This paper presents systematic lossless data compression studies conducted at Cooperative Institute of Meteorological
Satellite Studies (CIMSS), University of Wisconsin-Madison in support of the real-time rebroadcast of NOAA's future
GOES ultraspectral sounders. Ultraspectral sounders provide data with high spectral and spatial resolutions. Since an
ultraspectral sounder could be either a grating spectrometer or a Michelson interferometer, we have
investigated/developed various 2D and 3D lossless compression techniques for both grating and interferometer data.

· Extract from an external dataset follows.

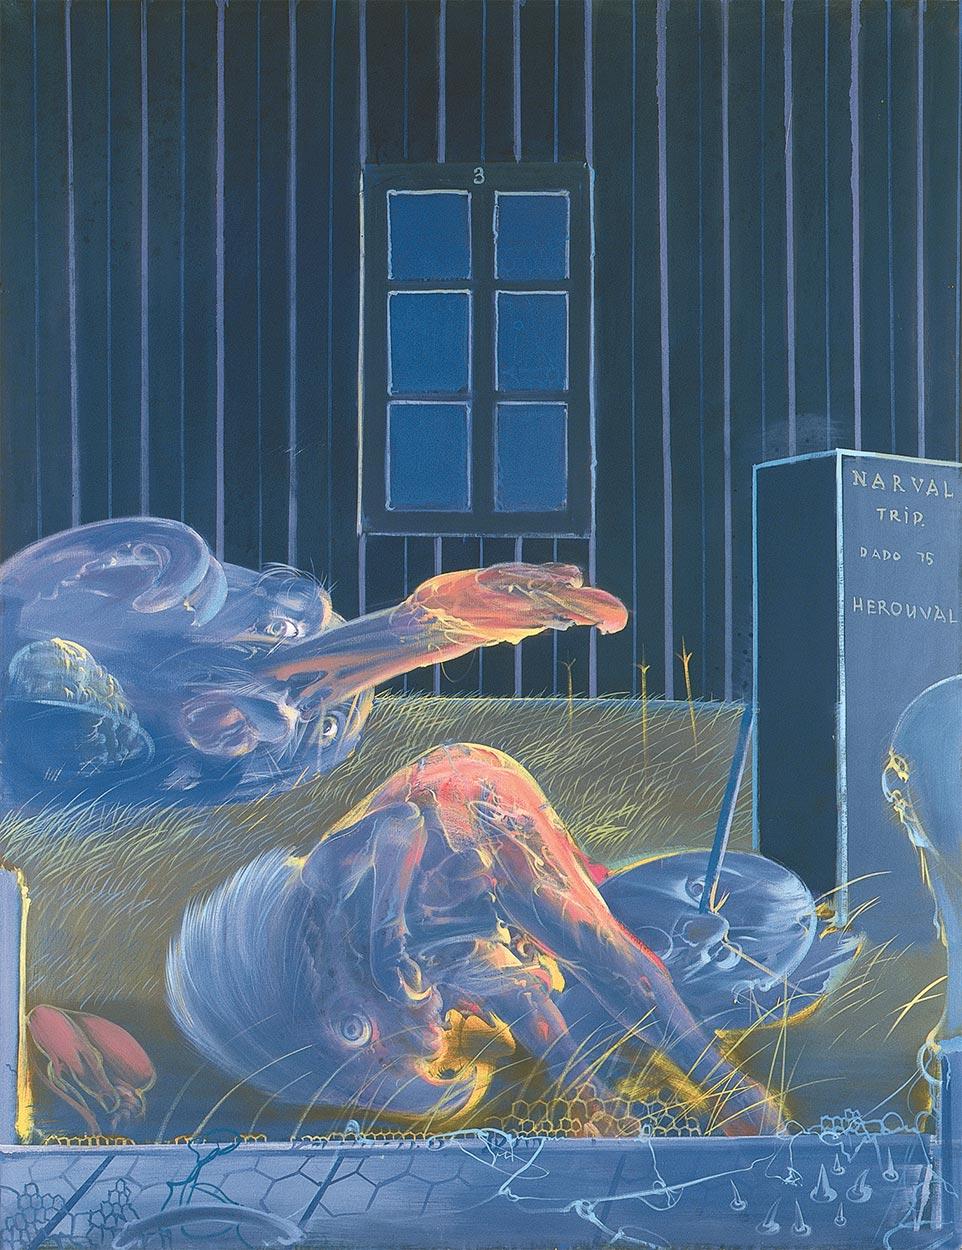 Dado: Narval Triptych, 1975

The lossless compression results are obtained and compared from wavelet/multiwavelt transform-based (e.g.
JPEG2000, 3D SPIHT, MWT), prediction-based (e.g. JPEG-LS, CALIC), projection-based (e.g. Lossless PCA,
Optimized Orthogonal Matching Pursuit-based Linear Prediction, PLT), and clustering-based (e.g. PPVQ, FPVQ,
AVQLP) methods. Robust data preprocessing schemes (e.g. BAR, MST reordering) are also demonstrated to improve
compression gains of existing state-of-the-art compression methods such as JPEG2000, 3D SPIHT, JPEG-LS, and
CALIC for high-spectral-resolution data compression. Our studies show that high lossless compression gains are
achievable for both grating and interferometer data.